В этой статье я расскажу, как я установил и настроил CrowdSec у себя в LXC-контейнере Proxmox — там, где работают Traefik и WireGuard.
Как я уже описывал в вводной статье про обратный прокси Traefik, этот LXC-контейнер является точкой входа на мой домашний сервер, где Traefik проксирует запросы к нужным сервисам. Соответственно, поставить дополнительную защиту именно в этот контейнер — логичное решение.
Напомню, что этот LXC-контейнер принимает HTTPS-трафик только через WireGuard-туннель от нашего внешнего VPS сервера. Traefik ловит весь этот трафик и ведёт Access-лог всех запросов. Именно этот лог будет анализировать наш CrowdSec и на основе него блокировать нежелательных клиентов.
Установка CrowdSec
Установка сводится к тому, что нужно добавить в наш пакетный менеджер apt дополнительный репозиторий и затем, используя его, установить сам CrowdSec. Вот две команды для этого:
curl -s https://packagecloud.io/install/repositories/crowdsec/crowdsec/script.deb.sh | sudo bash
apt install crowdsec
Warning
Вобще, перед тем как выполнять curl | bash, рекомендуется сначала скачать скрипт и проверить его содержимое — это хорошая практика с точки зрения безопасности.
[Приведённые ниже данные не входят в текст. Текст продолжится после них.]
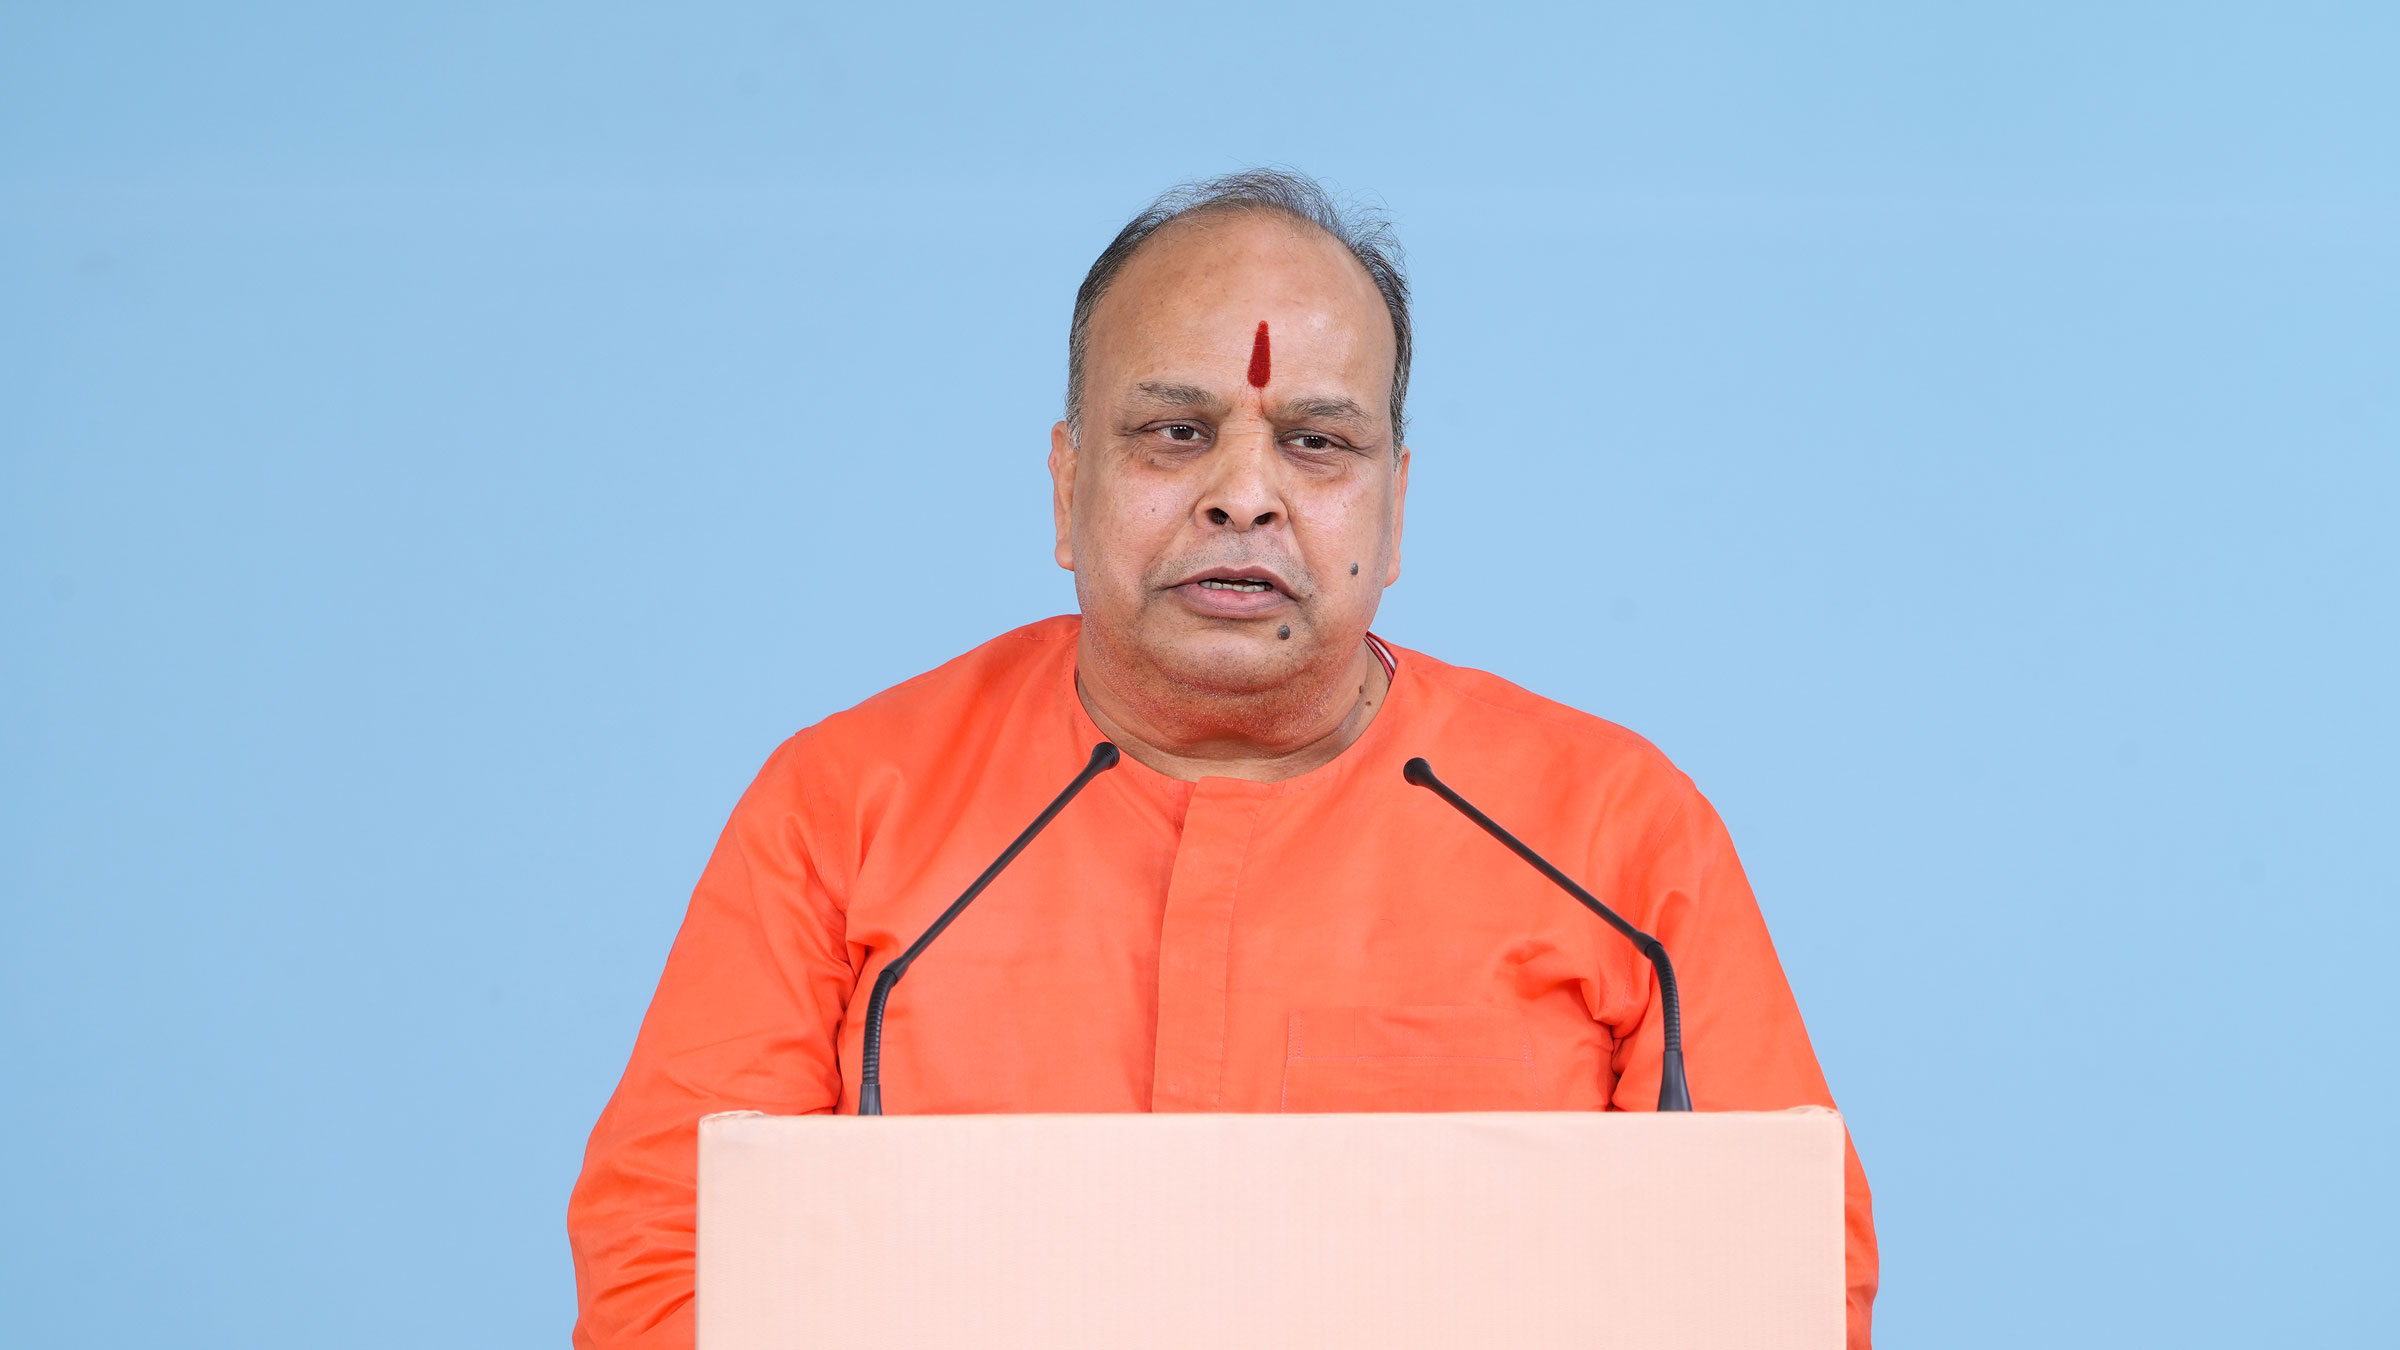 H.H. Pradeep Khemka (Dharmapracharak Saint, Sanatan Sanstha, Jharkhand) narrating what He experienced while making efforts to create an organisation of businessmen and Devout Hindus in Jharkhand. He added – ‘Every individual must perform spiritual practice while being active in his/her field’.

Проверяем, что всё установилось корректно:
cscli version
Если команда показывает версию — значит, установка прошла успешно.
Установка коллекций
Теперь настроим CrowdSec для работы с Traefik. Для начала нам нужно добавить необходимые коллекции. Коллекции — это наборы парсеров и сценариев, по которым CrowdSec определяет вредоносную активность.
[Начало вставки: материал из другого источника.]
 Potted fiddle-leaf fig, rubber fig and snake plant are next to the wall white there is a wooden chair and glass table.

cscli collections install crowdsecurity/base-http-scenarios
cscli collections install crowdsecurity/http-cve
cscli collections install crowdsecurity/linux
cscli collections install crowdsecurity/sshd
cscli collections install crowdsecurity/whitelist-good-actors
А также самое главное — коллекция для работы с логами Traefik:
cscli collections install crowdsecurity/traefik
Проверить все установленные коллекции можно командой:
cscli collections list
Белый список локальных адресов
Чтобы CrowdSec случайно не забанил устройства из локальной сети (например, при активном тестировании или отладке), рекомендуется добавить локальные IP-адреса в белый список. Для этого отредактируем файл /etc/crowdsec/parsers/s02-enrich/whitelist-local.yaml:
nano /etc/crowdsec/parsers/s02-enrich/whitelist-local.yaml
name: custom/whitelist-local
description: Whitelist local networks
whitelist:
reason: local network
cidr:
- 192.168.1.0/24
Здесь 192.168.1.0/24 — подсеть вашей локальной сети. Если у вас другая адресация, измените на свою. Можно также добавить конкретные IP-адреса отдельными строками. IP-адреса из указанной подсети будут полностью игнорироваться при анализе логов и никогда не попадут в бан.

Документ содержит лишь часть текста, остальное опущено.